This question has a comment by @ideasman42 that says:
Not sure its worth another question, but interested to know why you might write void func(int volatile arg);
I thought it was worth a question, but didn't see one, so here it is. What, if any, is the effect of doing that?
What sparked it for me, was writing a slightly different set of wrapper functions than what the Raspberry Pi Pico SDK provides. Specifically:
io_rw_32 _i2s_get_hw_clkdiv(struct _i2s* i2s)
{
return i2s->pio_ch->sm[i2s->pio_sm].clkdiv;
}
void _i2s_set_hw_clkdiv(struct _i2s* i2s, io_rw_32 clkdiv)
{
i2s->pio_ch->sm[i2s->pio_sm].clkdiv = clkdiv;
}
A header file buried deep in the SDK says typedef volatile uint32_t io_rw_32;.
Sure, I could do
uint32_t _i2s_get_hw_clkdiv(struct _i2s* i2s)
{
return i2s->pio_ch->sm[i2s->pio_sm].clkdiv;
}
void _i2s_set_hw_clkdiv(struct _i2s* i2s, uint32_t clkdiv)
{
i2s->pio_ch->sm[i2s->pio_sm].clkdiv = clkdiv;
}
instead, and (probably?) generate the exact same code, but if for some unforeseen reason that typedef changes, I'd rather have as few datatype conversions as possible.
What, if any, is the effect of doing that?
It tells the compiler the value of the parameter must be reloaded each time it is used (or, if the source code modifies the parameter, the new value must be written each time).
There is almost never a reason to do that. With const, it can be useful to declare a function parameter as const if you intend never to modify it.
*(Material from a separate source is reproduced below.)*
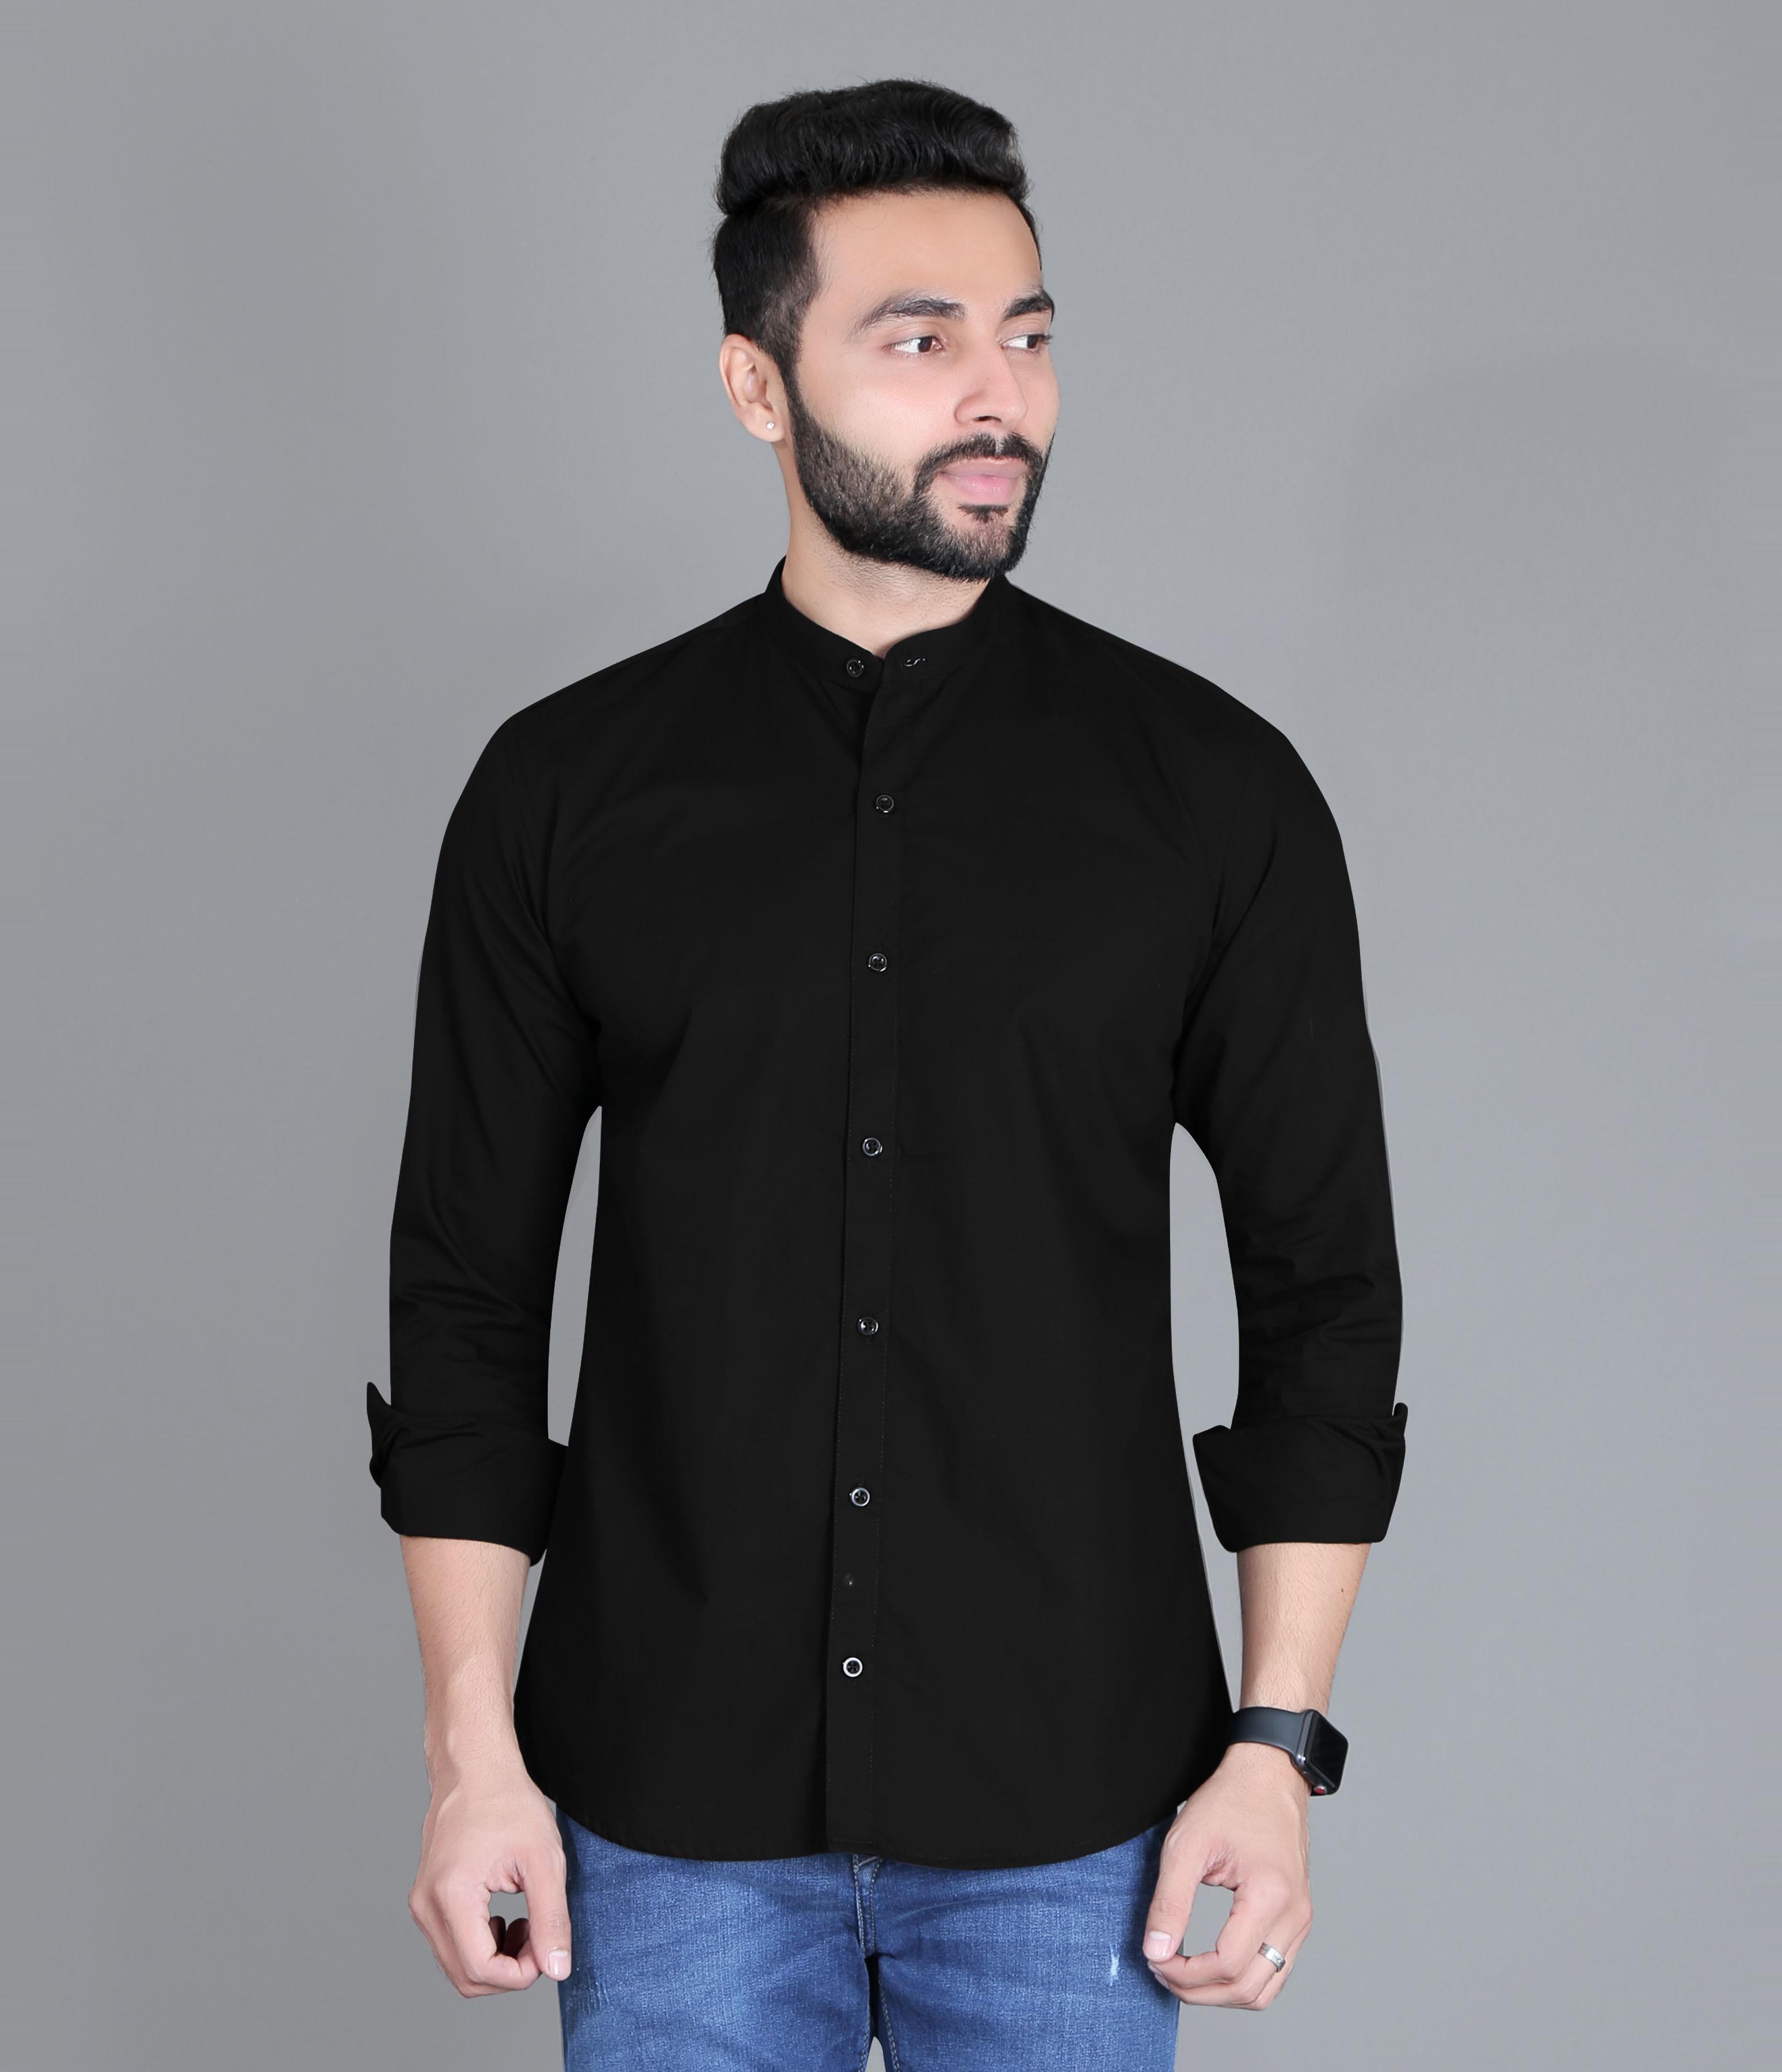 5th Anfold | FIFTH ANFOLD Casual Mandrin Collar full Sleev/Long Sleev Black Pure Cotton Plain Solid Men Shirt

If you declare it const and modify it due to a typo where you intended some other name, the compiler will warn you. However, volatile is normally used for accessing special hardware, but function parameters are managed by the compiler and should not need volatile. One time when you might want to use volatile with a function parameter is when you are debugging and want to be able to change the parameter from the debugger. Then using volatile will ensure the generated code gets the new value each time it is used in the source code. Since this would only be for debugging, it should not be used in deployed code.
… generate the exact same code…
No, it does not. With a plain uint32_t parameter, Clang, with optimization enabled, does not reload the parameter from memory when it is used multiple times. When preparing for the second function call in this code:
void foo0(uint32_t clkdiv)
{
bar(clkdiv);
bar(clkdiv);
}
Clang copies the value of clkdiv from a register where it has cached it. In contrast, in this code:
void foo1(io_rw_32 clkdiv)
{
bar(clkdiv);
bar(clkdiv);
}
Clang reloads the parameter from memory. Interestingly, it is not memory where the parameter was passed to the function but rather is memory in the stack frame of the called function. The argument was passed to the function in a register, and the function stored it in memory to create the parameter. (A parameter is an object that is initialized with the value of an argument; it is not the argument itself.)
It is a mistake for the code to be using a volatile type as a parameter, as it results in inefficient code generation.